AWEA Report Finds That Wind Turbines Save Money
Originally published on Into The Wind.
By Michael Goggin.
A new white paper report finds that wind energy is keeping electric bills low for American homes and businesses, thanks to plummeting wind energy costs driven by technological improvements. The report was compiled by staff at the American Wind Energy Association and uses publicly available data and more than a dozen studies from government, utility, and other independent sources to explore how wind energy affects consumers’ energy bills.
A major highlight of the report pulls from just-released Department of Energy data showing consumers in the states that use the most wind energy have fared much better than consumers in states that use less wind energy.
American consumers in the top wind energy-producing states have seen their electricity prices actually decrease by 0.37 percent over the last 5 years, while all other states have seen their electricity prices increase by 7.79 percent over that time period. The following chart summarizes how consumers have fared in states that produce more than 7 percent of their electricity from wind (Texas, Wyoming, Oregon, Oklahoma, Idaho, Colorado, Kansas, Minnesota, North Dakota, South Dakota, and Iowa) relative to other states.
Electricity Price Changes, 2008 – 2013
“During last month’s cold snaps, we saw very high wind energy output play a critical role in protecting consumers across the country from skyrocketing energy prices. This study confirms that wind energy is providing that benefit every day,” said Michael Goggin, Senior Electric Industry Analyst at the American Wind Energy Association.
Some of the highlights of the report include:
- The ways wind energy protects consumers by displacing the use of more expensive and polluting sources of energy.
- How wind energy costs have fallen by 43 percent over the last four years, as documented by DOE data.
- A section that links to 15 studies by independent grid operators, state governments, academic experts, and others confirming that wind energy reduces energy costs for consumers.
- Dozens of U.S. utilities that are locking in record low wind prices that will protect their consumers from fuel price fluctuations for decades.
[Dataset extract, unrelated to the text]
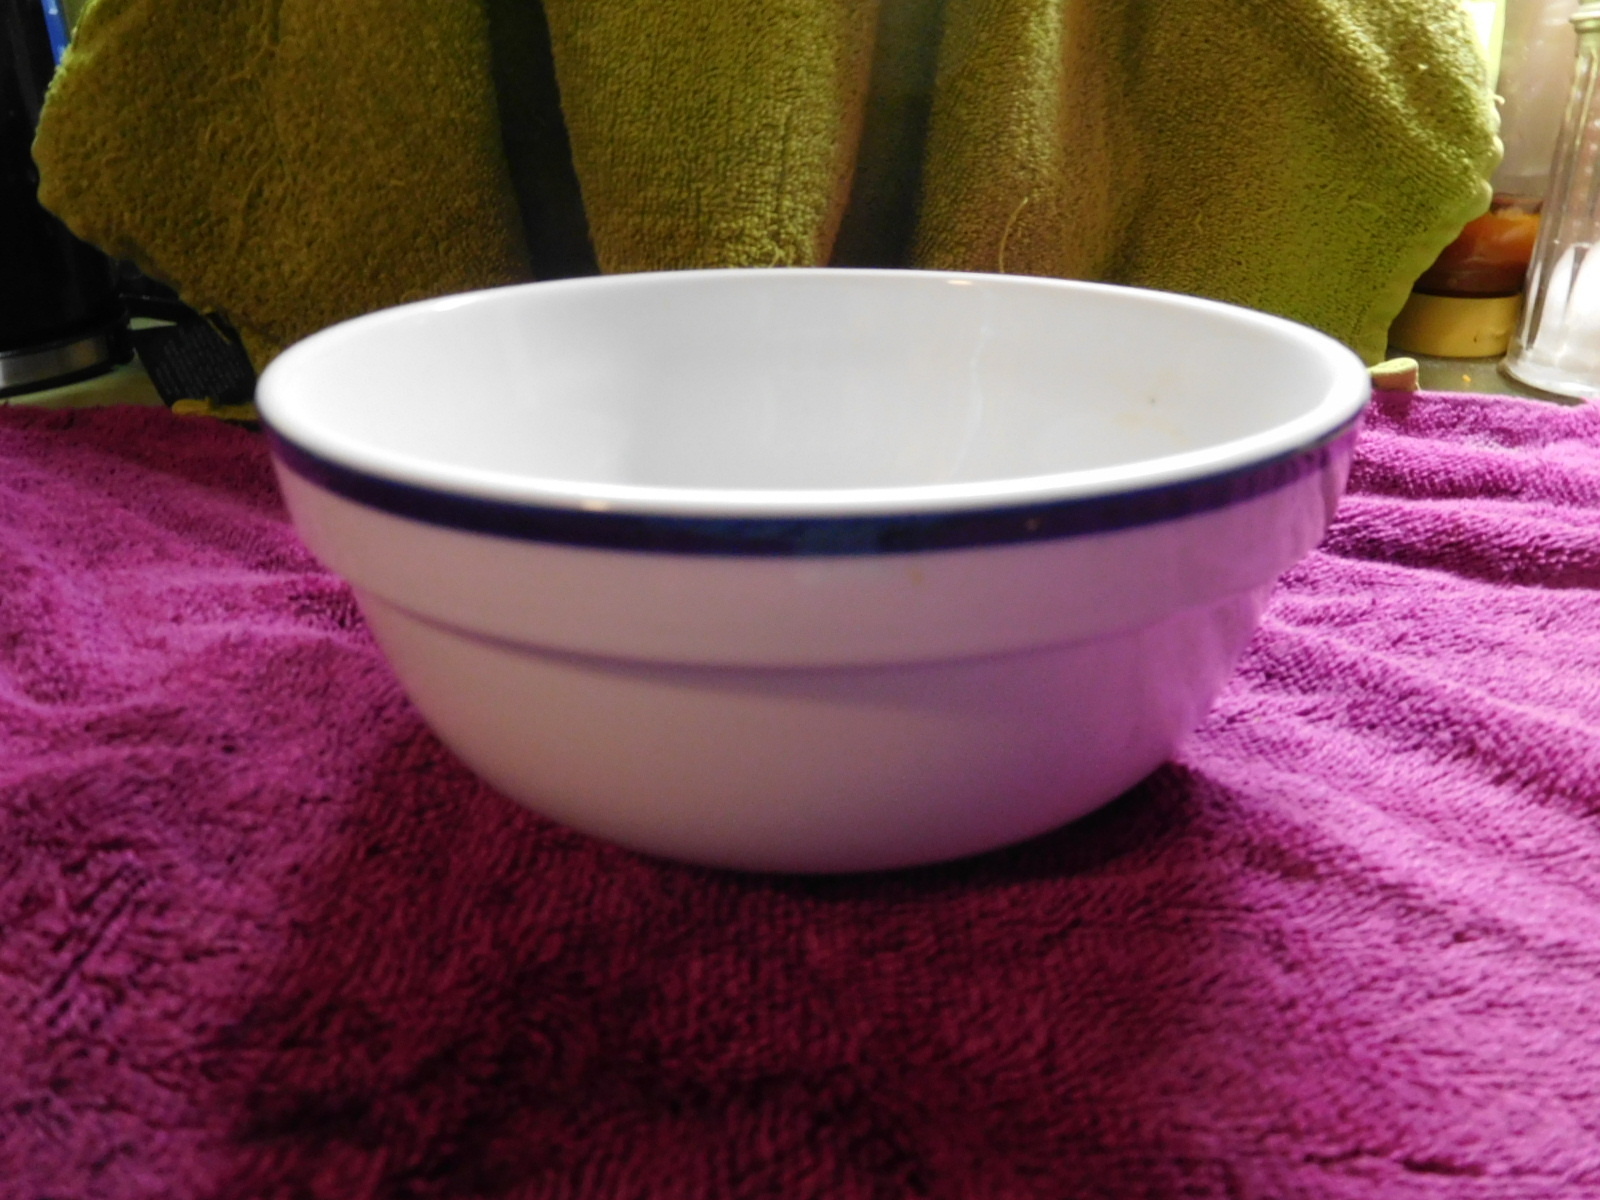  Have one to sell? Sell now Toms diner BLUE by Oneida cereal bowl 6" Nappy - $38.00
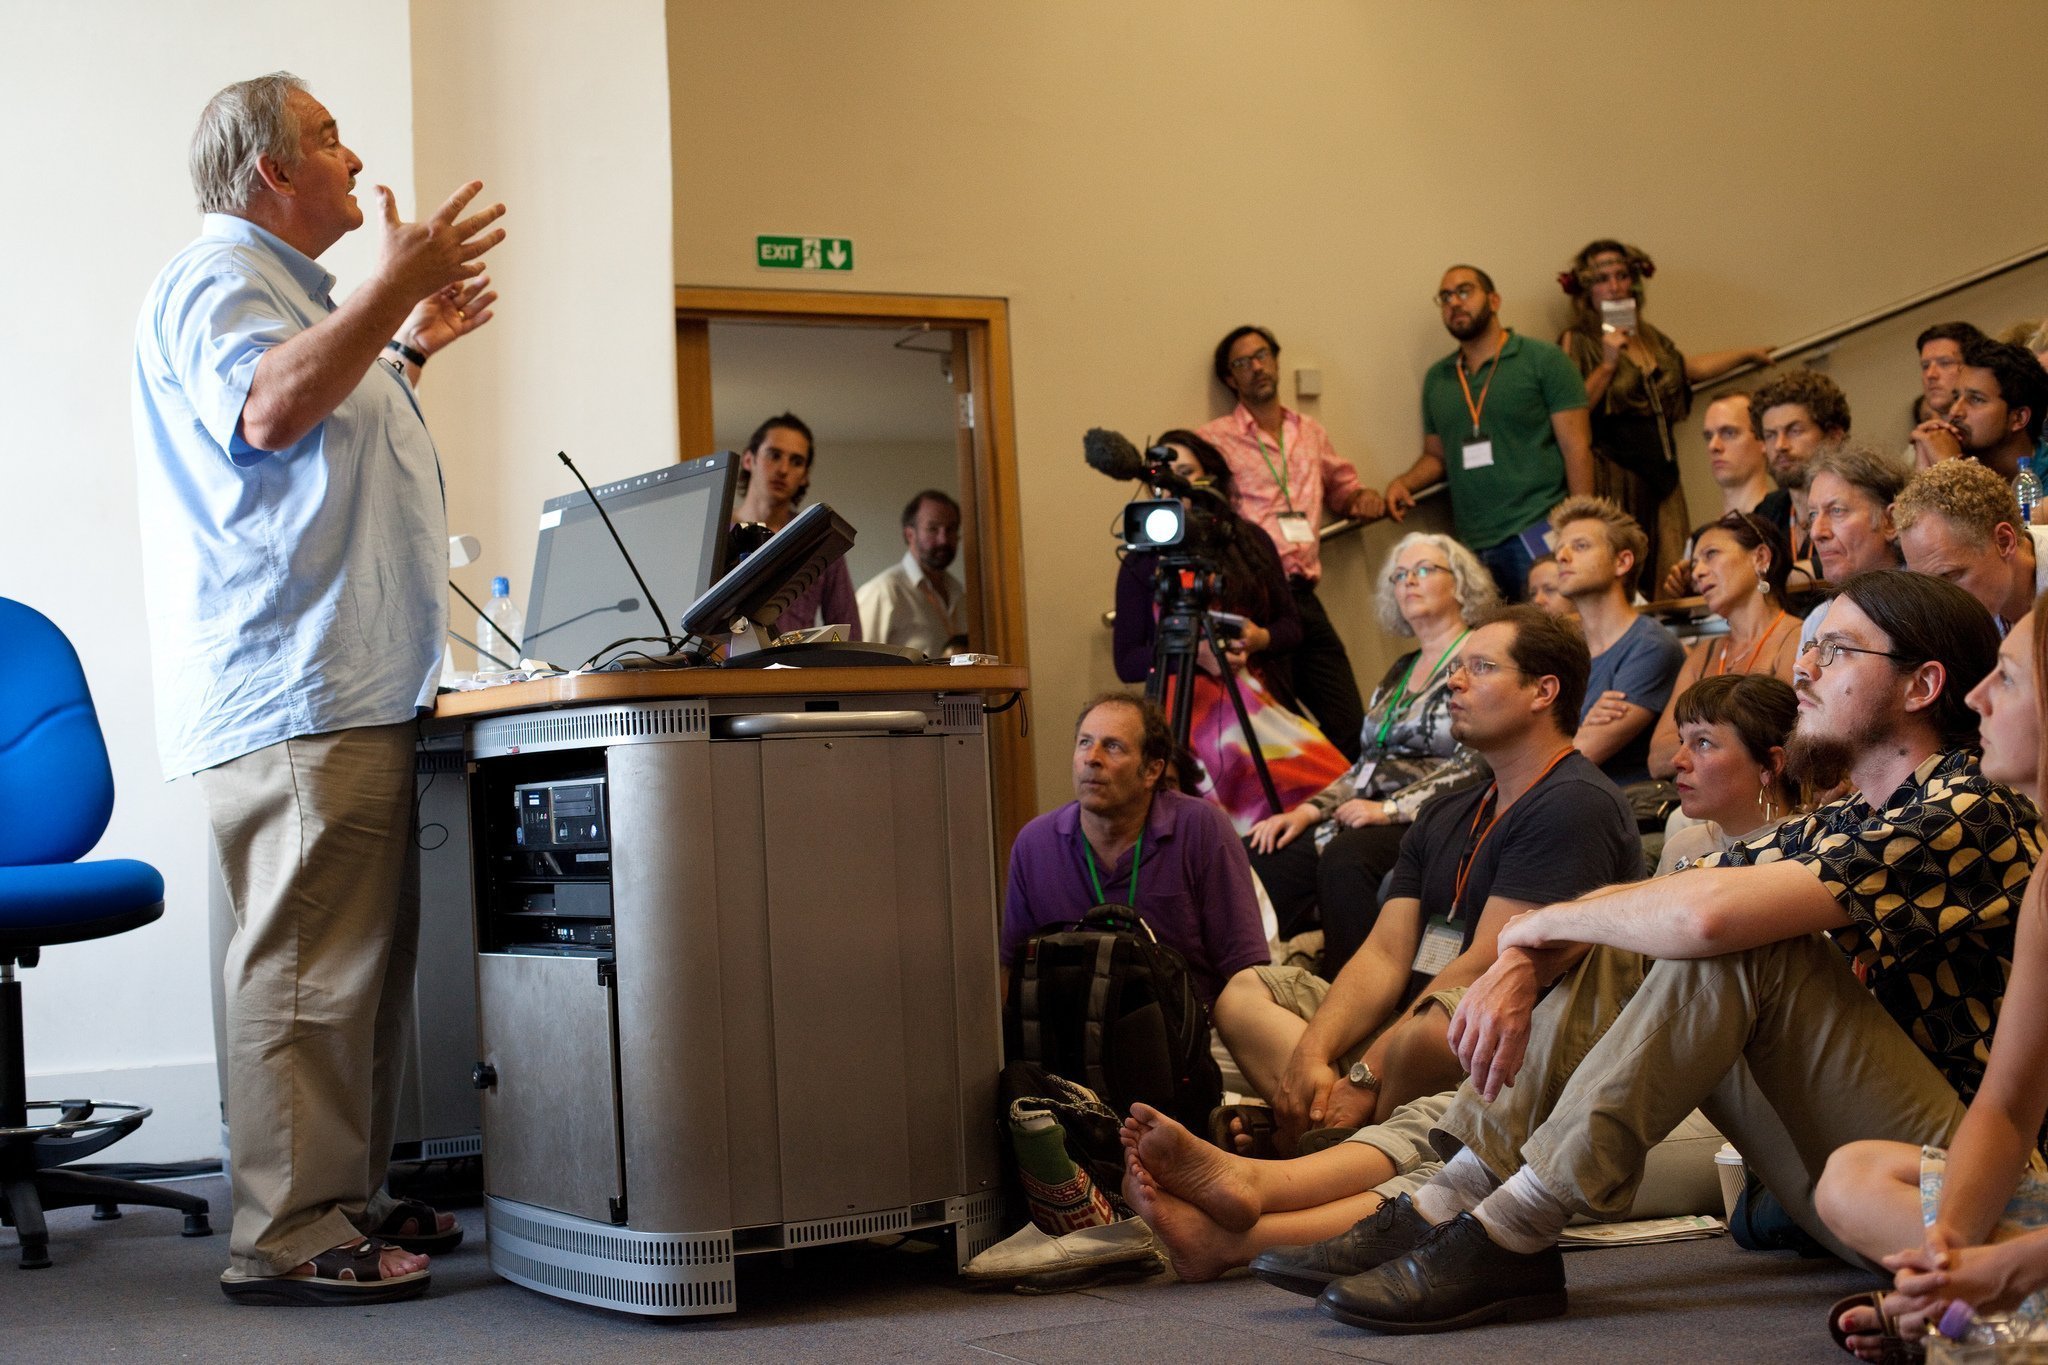 Professor David Nutt addresses delegates at Breaking Convention: a multidisciplinary conference on psychedelic consciousness, featuring more than 130 presenters from around the world. Photo Credit: Jonathan Greet 2015

As Mr. Goggin explains, “With the drastic cost declines over the last few years, wind energy offers consumers a great deal today. That deal will only get better with time because that low price is locked in for the life of the wind project, as the fuel will always be free. No other major source of energy can offer that kind of price stability. Diversifying our energy mix with zero fuel cost, zero emission wind energy is a win-win for consumers and the environment.”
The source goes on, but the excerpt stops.